— Supplied data —

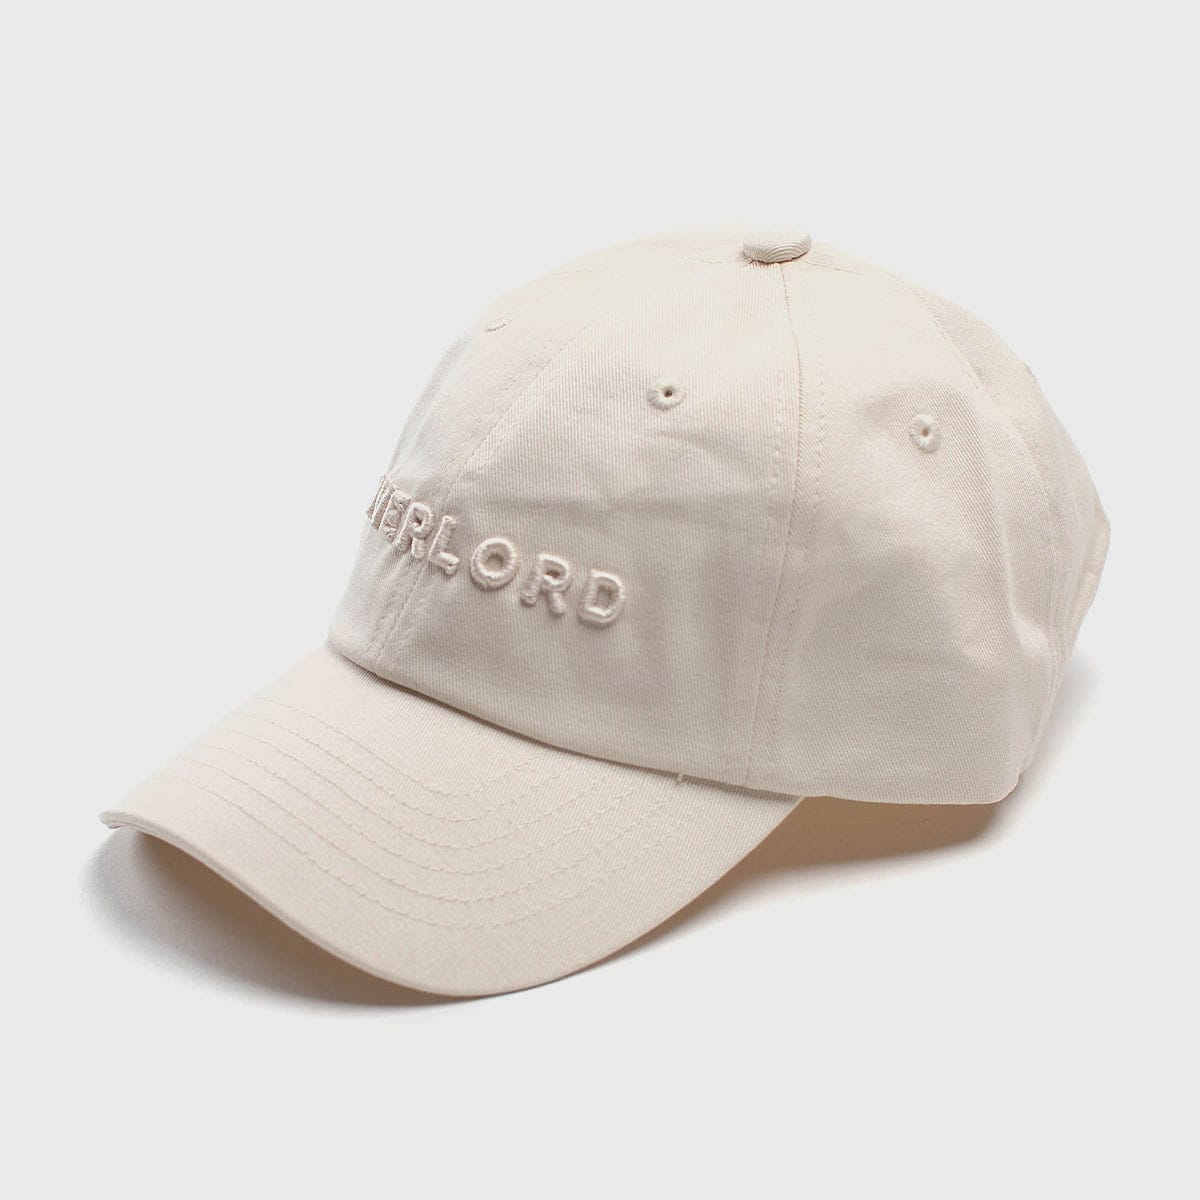 CREW LOW CAP WHITE 老帽
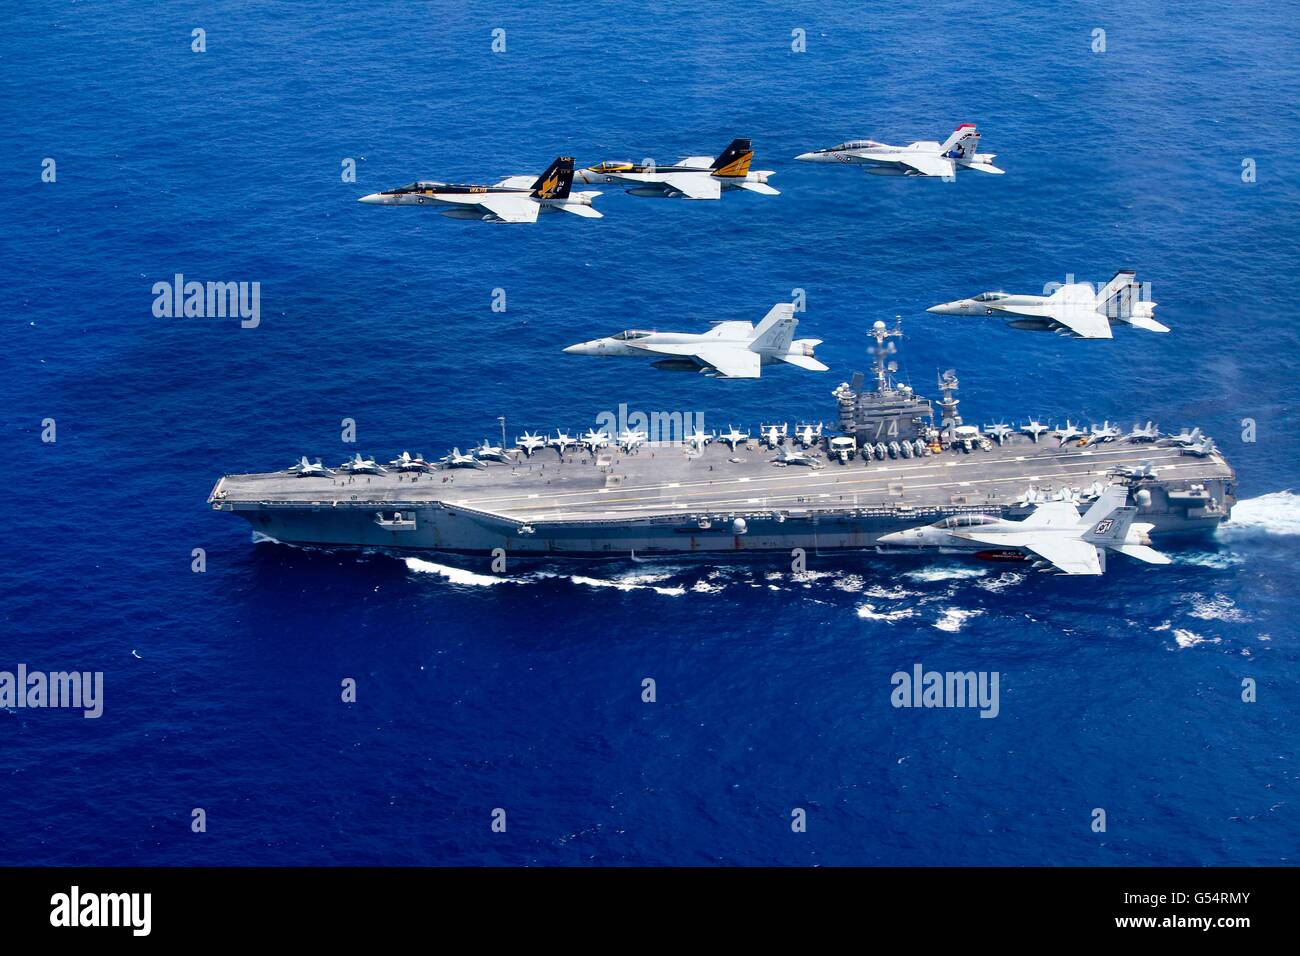 U.S Navy F/A-18 Hornet voler en formation au cours de la classe Nimitz supercarrier à propulsion nucléaire USS John C. Stennis pendant les opérations de double avec le groupe aéronaval du USS Ronald Reagan, le 18 juin 2016 dans la mer des Philippines. Banque D'Images
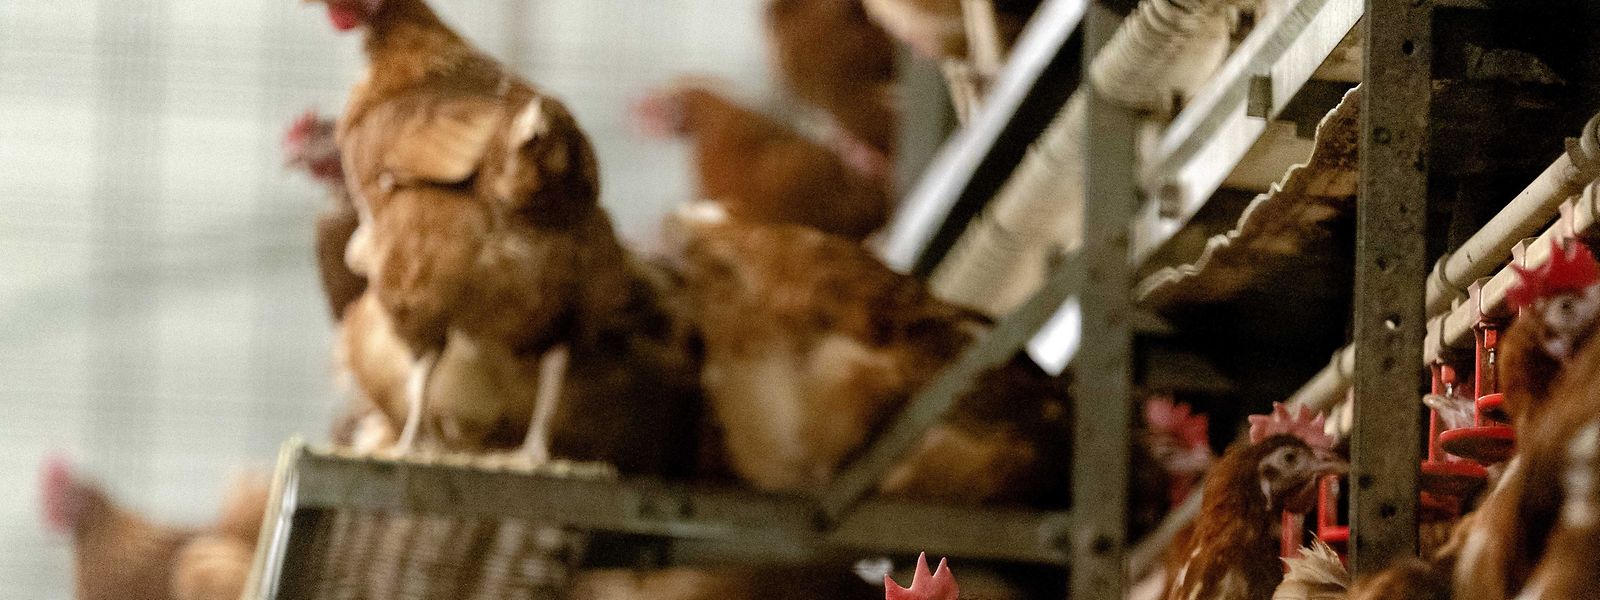 Países Baixos abateram mais de 37.000 frangos em outubro deste ano, e deverão abater mais nas próximas semanas.

— Work instructions —
The answer must be an exact copy of the lines from the one that holds "U.S Navy F/A-18" through the end of the data, both included, with no pictures.

— Problem solution —
 U.S Navy F/A-18 Hornet voler en formation au cours de la classe Nimitz supercarrier à propulsion nucléaire USS John C. Stennis pendant les opérations de double avec le groupe aéronaval du USS Ronald Reagan, le 18 juin 2016 dans la mer des Philippines. Banque D'Images
 Países Baixos abateram mais de 37.000 frangos em outubro deste ano, e deverão abater mais nas próximas semanas.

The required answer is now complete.